### EXERCISE
From the first line to the last, please reproduce the material exactly, skipping the pictures.

[AVAILABLE DATA Boundary: Start]

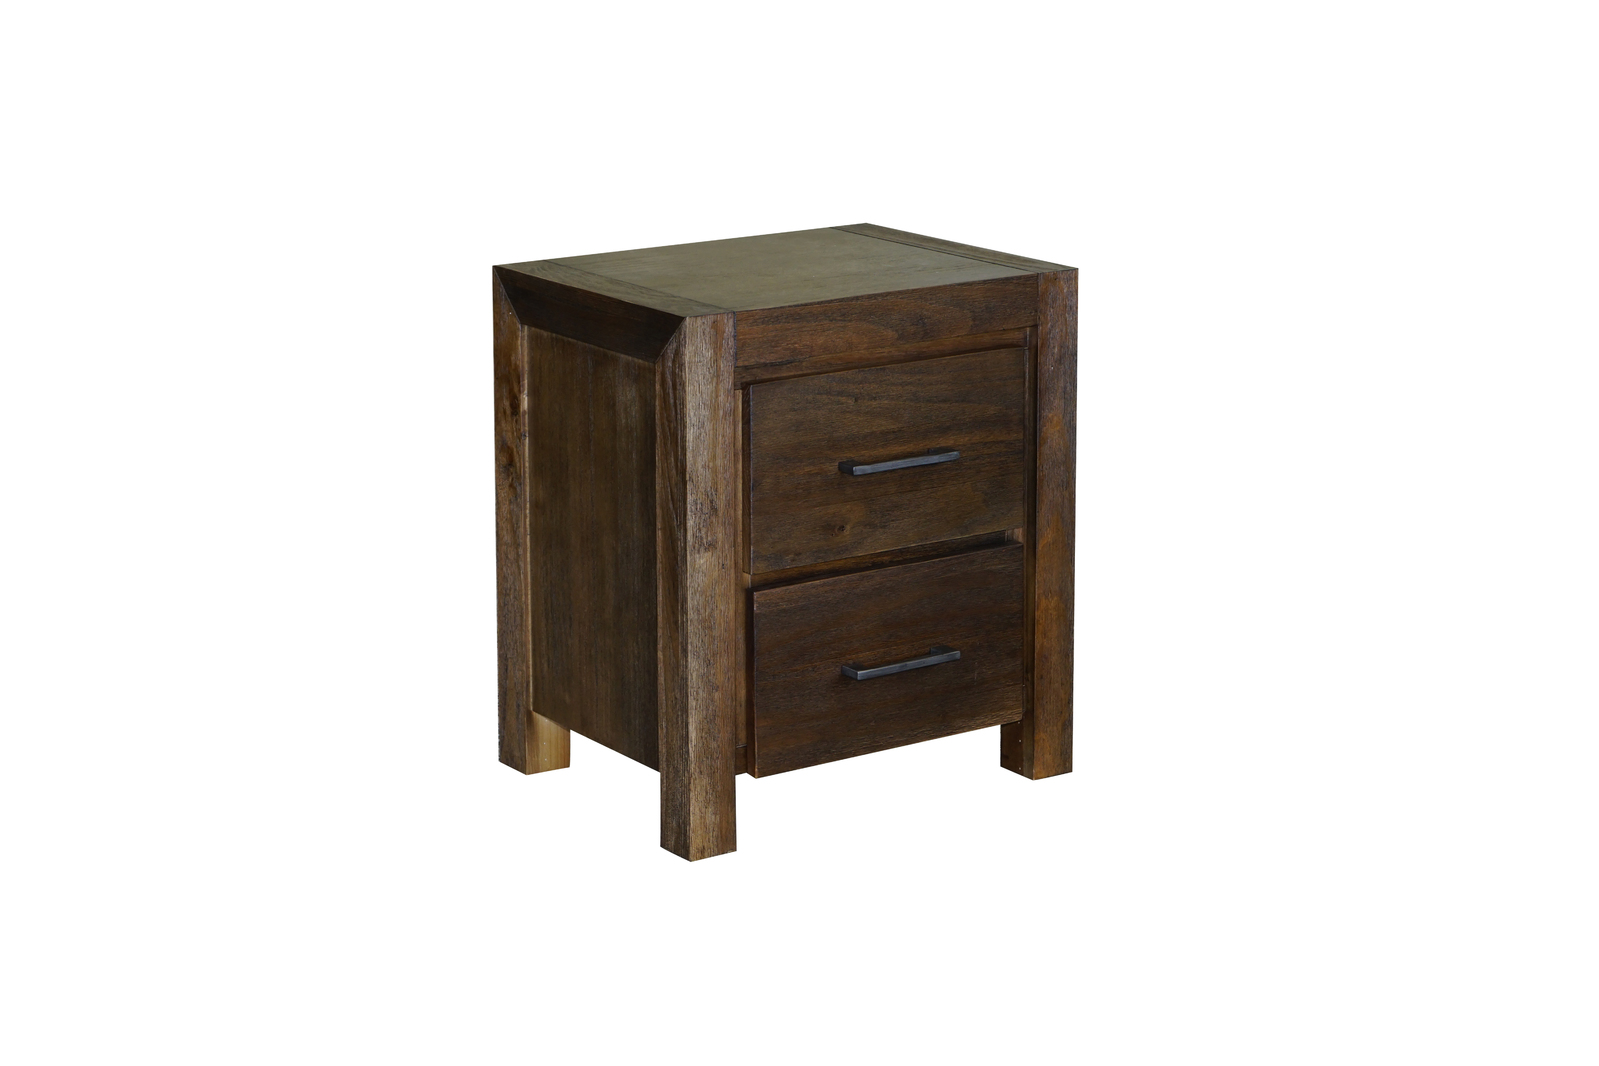 Homefurn Bedside Table 2 Drawer Chest of Drawers Timber 580 x 425 x 600H Brandon 5516 BBT
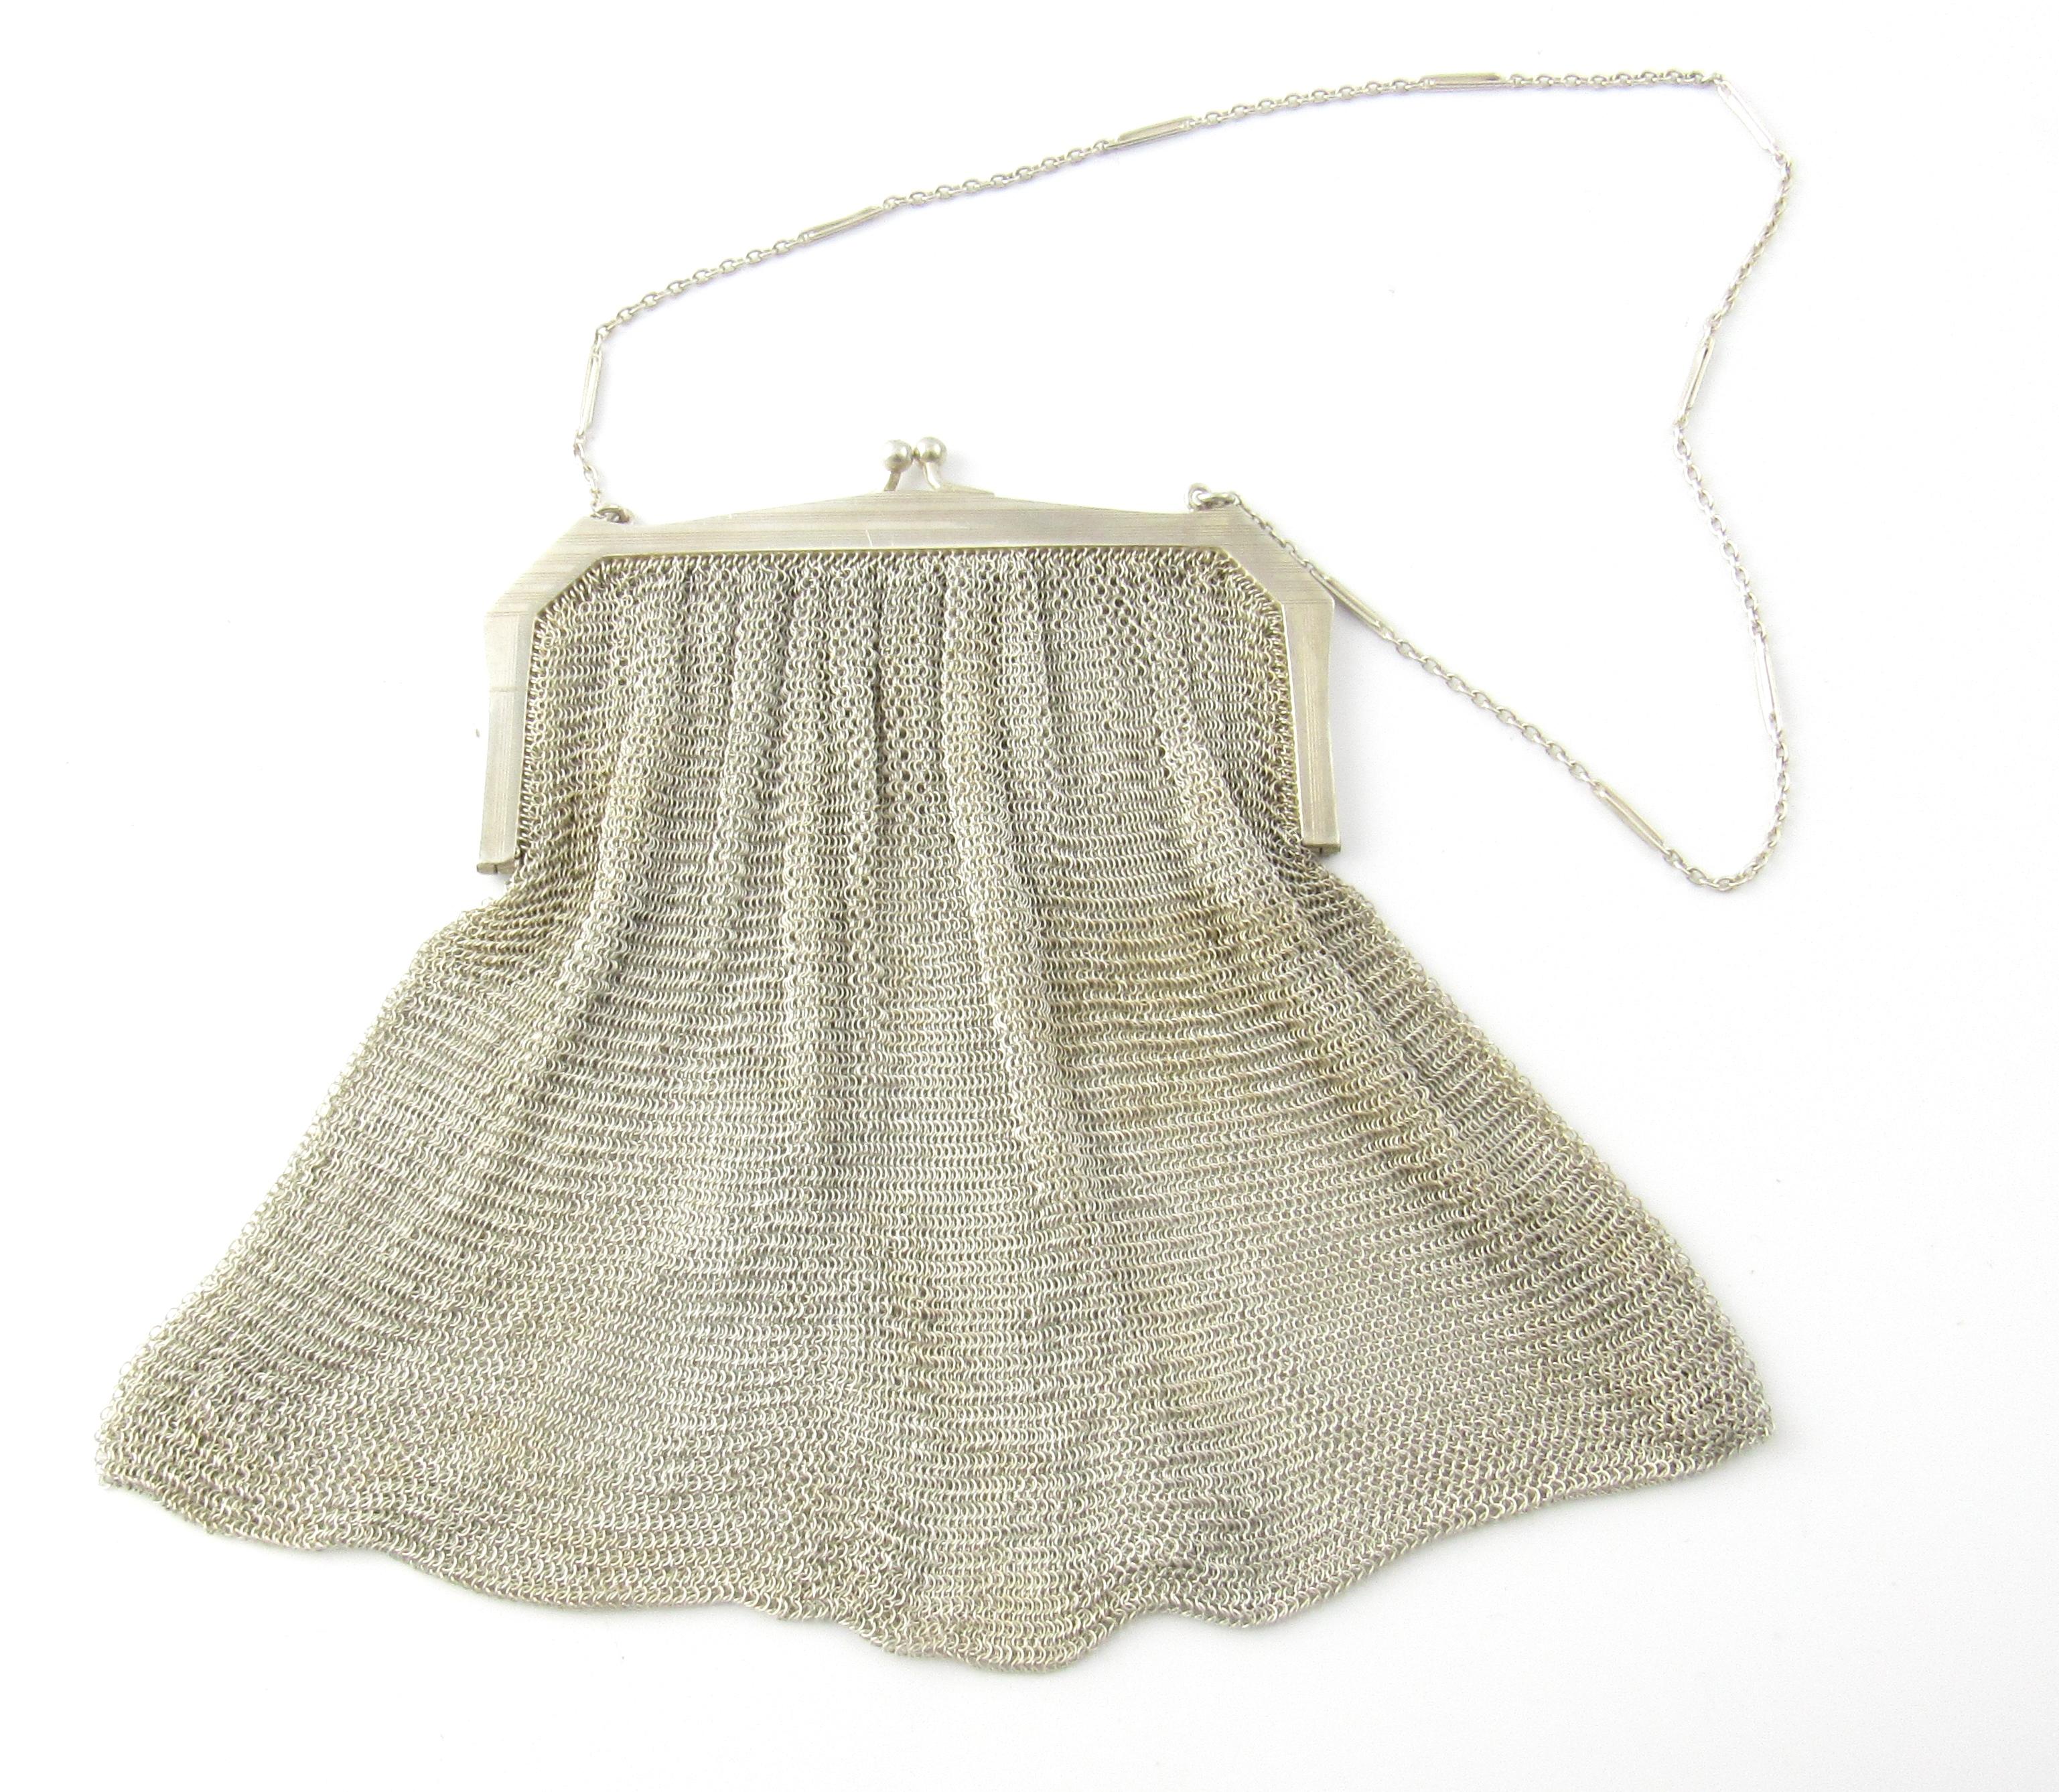 Victorian Sterling Silver Mesh Purse

This is a lovely sterling silver mesh purse with chain handle. You will simply be delighted with the condition, style, and uniqueness of this beautiful purse!

Measurement: Purse measures 5 and 1/2 inches in

[AVAILABLE DATA Boundary: End]

### ANSWER TO THIS PROBLEM
 Homefurn Bedside Table 2 Drawer Chest of Drawers Timber 580 x 425 x 600H Brandon 5516 BBT
 Victorian Sterling Silver Mesh Purse

This is a lovely sterling silver mesh purse with chain handle. You will simply be delighted with the condition, style, and uniqueness of this beautiful purse!

Measurement: Purse measures 5 and 1/2 inches in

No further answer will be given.